Refer [Write-Ahead Logging (WAL)][documentation / write-ahead logging (wal)].

Standard method for ensuring data integrity.

At all times, PostgreSQL maintains a _write ahead log_ in the `pg_wal/` subdirectory of the cluster's data directory.
This log records every change made to the database's data files.<br/>
Changes to data files (where tables and indexes reside) are written only after those changes have been logged. These
logs occur as WAL records describing the changes have been flushed to permanent storage.<br/>
If the system crashes, the database can be restored to consistency by "replaying" the log entries made since the last
checkpoint.

This method removes the need to flush data pages to disk on _every_ transaction commit.<br/>
In the event of a crash, one will be able to recover the database using the log. Any change that have **not** been yet
applied to the data pages can be redone from the WAL records.<br/>
This is _roll-forward recovery_, also known as _REDO_.

Because WAL restores database file contents after a crash, journaled file systems are not a necessity for reliable
storage of the data files or WAL files anymore.<br/>
In fact, journaling overhead could reduce performance, especially if journaling causes file system data to be flushed to
disk. Data flushing during journaling can often be disabled with a file system mount option.<br/>
Journaled file systems do improve boot speed after a crash.

Only the WAL file needs to be flushed to disk to guarantee that a transaction is committed, rather than every data file
changed in that transaction, resulting in a significantly reduced number of disk writes.<br/>
The WAL file is written _sequentially_, making the cost of syncing the WAL much less than the cost of flushing the data
pages to disk. This is especially true for servers handling many small transactions touching different parts of the data
store.
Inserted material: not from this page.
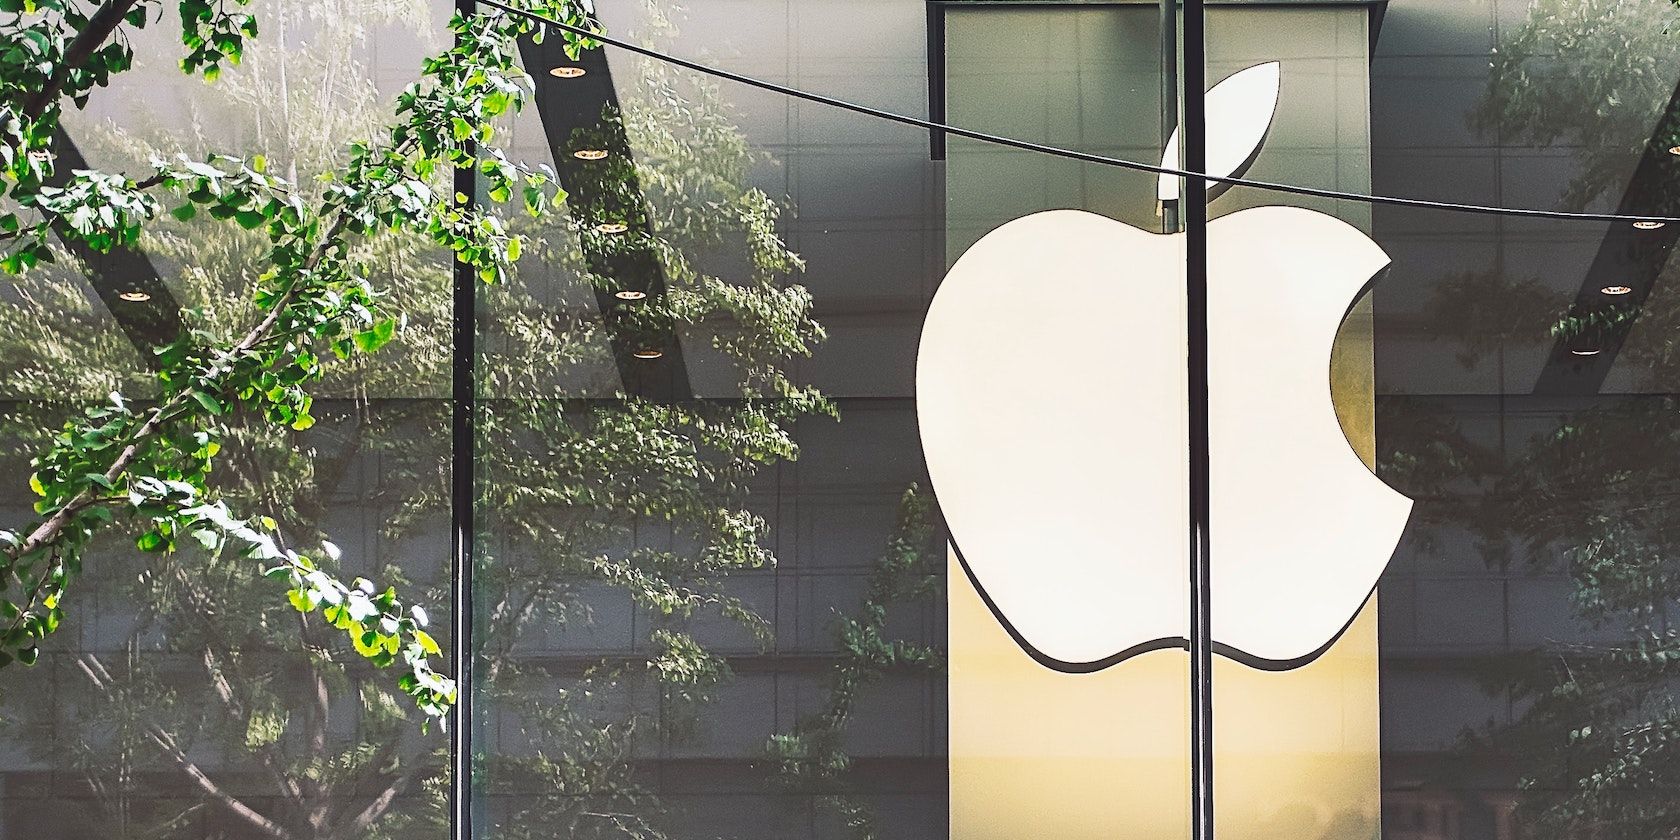 apple logo behind glass window

When the server is processing many small concurrent transactions, a single `fsync` of the WAL file is sufficient
for committing multiple transactions.

WAL allows supporting on-line backup and point-in-time recovery by reverting to any time instant covered by the
available WAL data.<br/>
The process is to install a prior physical backup of the database, then replay the WAL files just as far as the desired
time to bring the system to a current state.<br/>
Replaying the WAL for any period of time will also fix internal inconsistencies for that period.

[Replication slots] use WAL at their core.

## Replication slots

Refer [Logical Decoding Concepts][documentation / logical decoding concepts].

Slots represent a stream of changes that can be replayed to a client in the **exact** order they were made on the origin
server.<br/>
Each slot streams a sequence of changes from **a single** database, and has an identifier that is unique across all
databases in a PostgreSQL cluster.

Slots persist independently of the connection using them, and are crash-safe.<br/>
The current position of each slot is persisted only at checkpoint. In case of a crash, the slot might return to an
earlier LSN, which will then cause recent changes to be sent again when the server restarts.<br/>
Logical decoding clients are those responsible for avoiding ill effects from handling the same message more than once.
They _can_ request that decoding start from a specific LSN rather than letting the server determine the start point, if
needed.

Multiple independent slots may exist for a single database.<br/>
Each slot will have its own state. For most applications, a separate slot is required for each consumer.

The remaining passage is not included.